Wow, this has been a pretty tiring first week back! :-S In good ways and bad ways. I loved going to see Evita yesterday, but I feel drained after this whole ongoing issue thing. Hopefully we'll get some closure soon - I will be able to move on when I've spoken to him face to face.
I had Music this afternoon. I always find the lessons really hard. It's almost like learning a new language. Apparently it's the third hardest A-Level - after Further Maths and Physics - that's what I keep telling myself whenever I'm finding it too hard. There's so much to remember - our teacher says it's like a huge memory test. We have to remember literally every musical feature in about 6 pieces from film/tv scores and also 3 pieces from the pop/jazz part of the course...as well as knowing about the forms, themes, characteristics of the musical eras, being able to perform pieces of music to a high standard, write bach chorales and baroque counterpoints, compose pieces of music to a high standard...it's such a challenge.

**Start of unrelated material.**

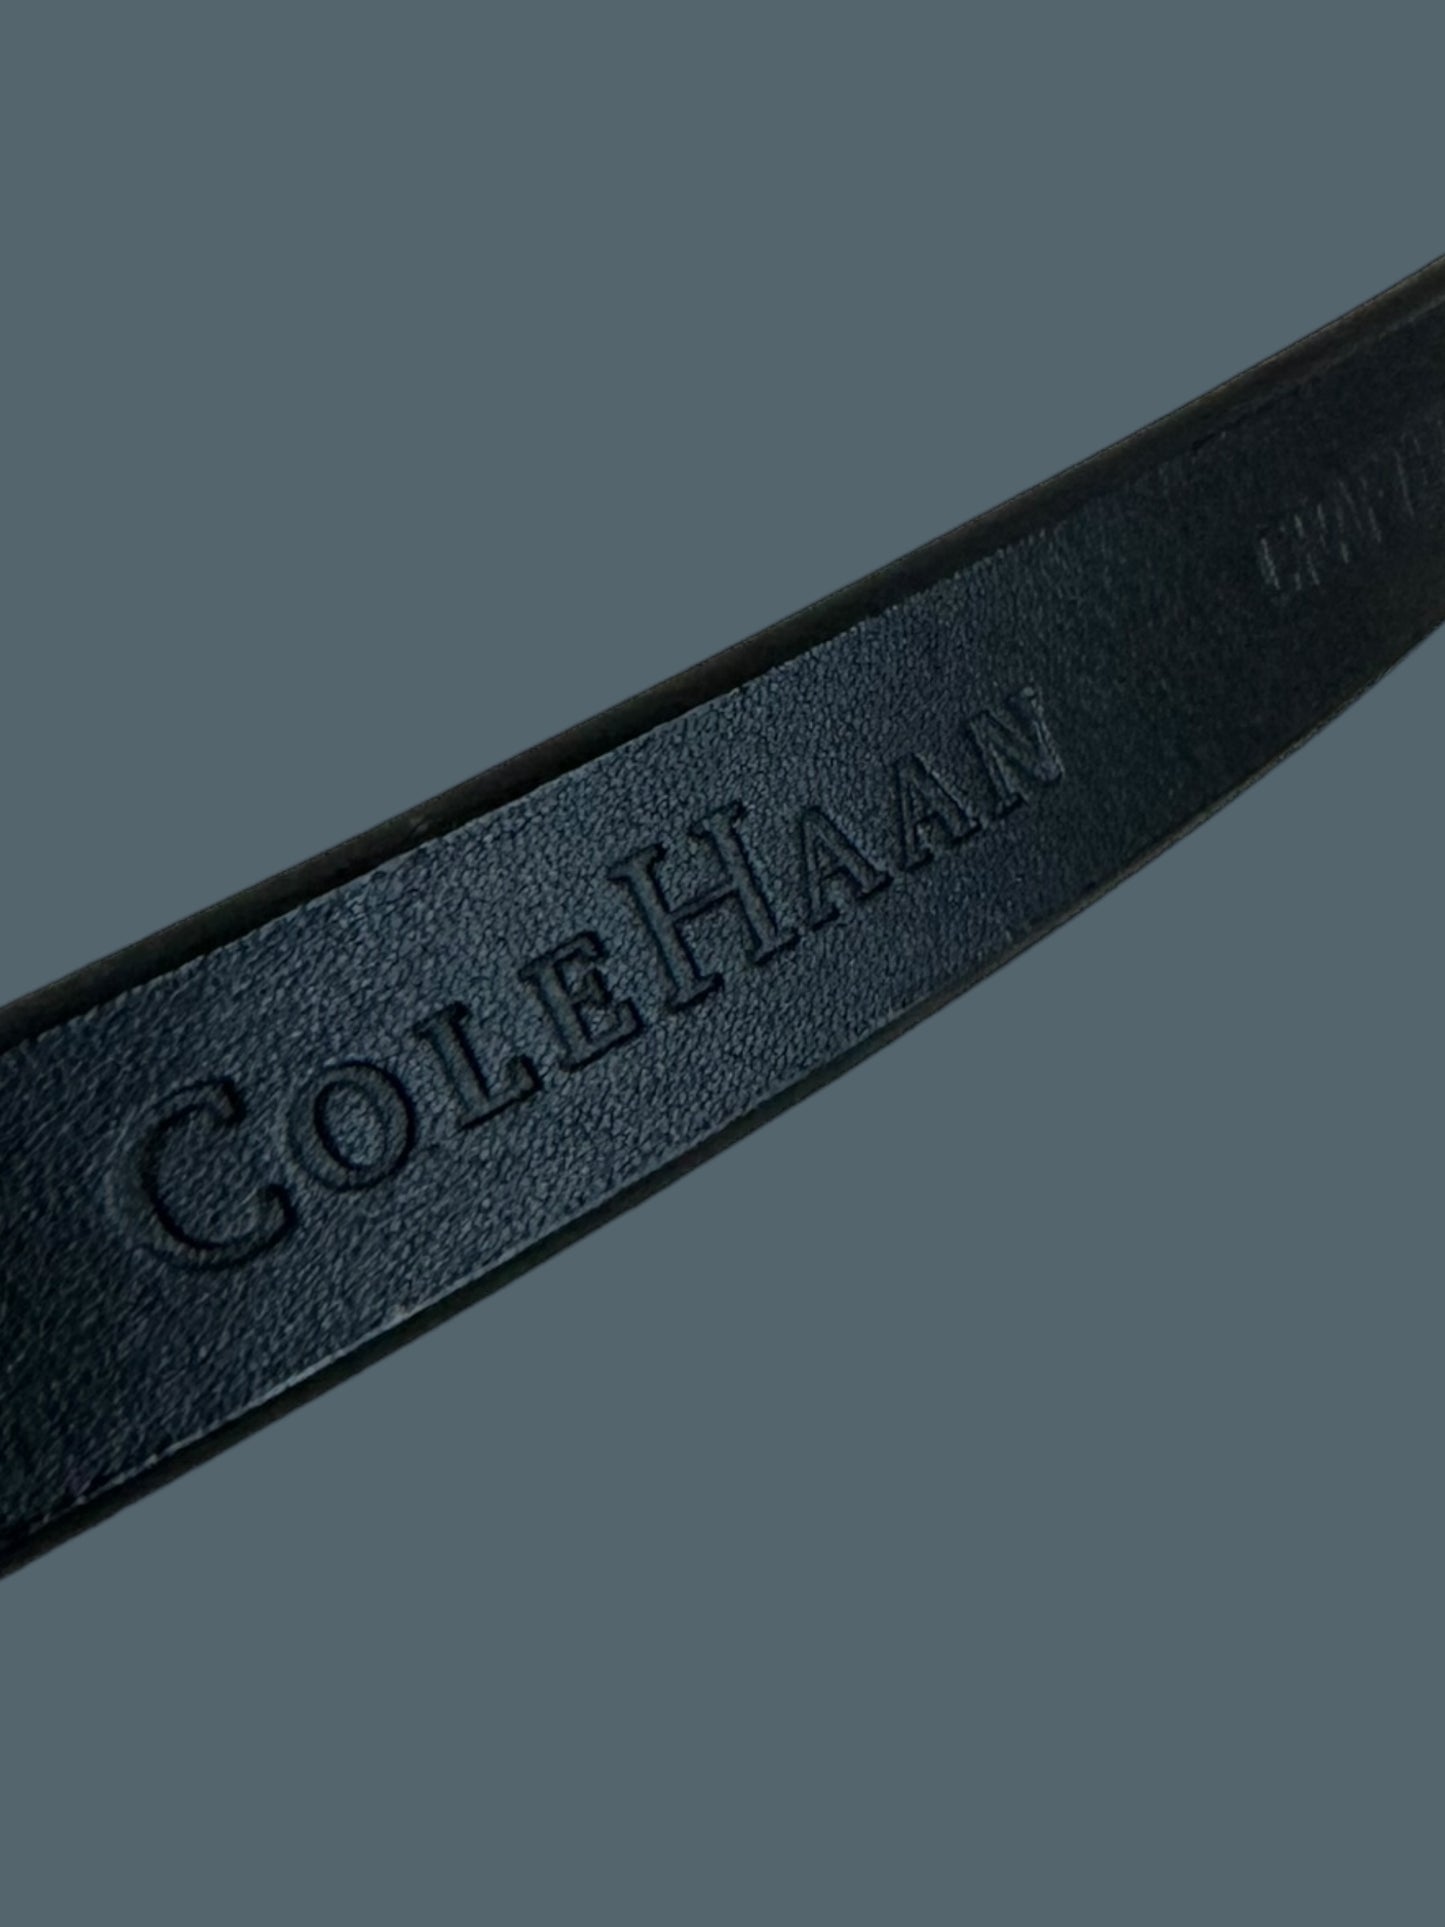 COLE HAAN skinny leather belt

Last July I went on a week's summer school at Oxford University to do music. I found it really interesting and fell in love with the University. I was so disappointed when my music teacher told me that she really didn't think I could get an A - for Oxford your results need to be AAA - and I'm apparently on target for two As in German and English Lit - so Music was so disappointing. If I get two As for English Lit and German I might try to stay on at school in my gap year and do an A-Level in a year - which means going in for about 8 hours a week. I'm thinking about it. I'd really love to leave school with three As, that would be brilliant. I might try to study English Literature at Oxford, that would be wonderful.
I'm not 100% sure that I'd want to study music anyway. Part of the reason why I love music so much is the fact that it contains so much raw emotion. A song comes from the heart, it's a spontaneous moment, a very personal thought. Analysing it in the depth that we do at school makes it seem so mechanical and contrived. We listen to music for pleasure, to reassure ourselves that we're not alone, to become involved in the emotions of the composer - not to analyse every single chord and try to find a formula responsible for making us feel the way we do. Creativity can't be explained - and explaining it shouldn't be attempted. Part of the magic is the mystery.
I'd better go now; it's getting late and I have a long weekend of revision ahead of me!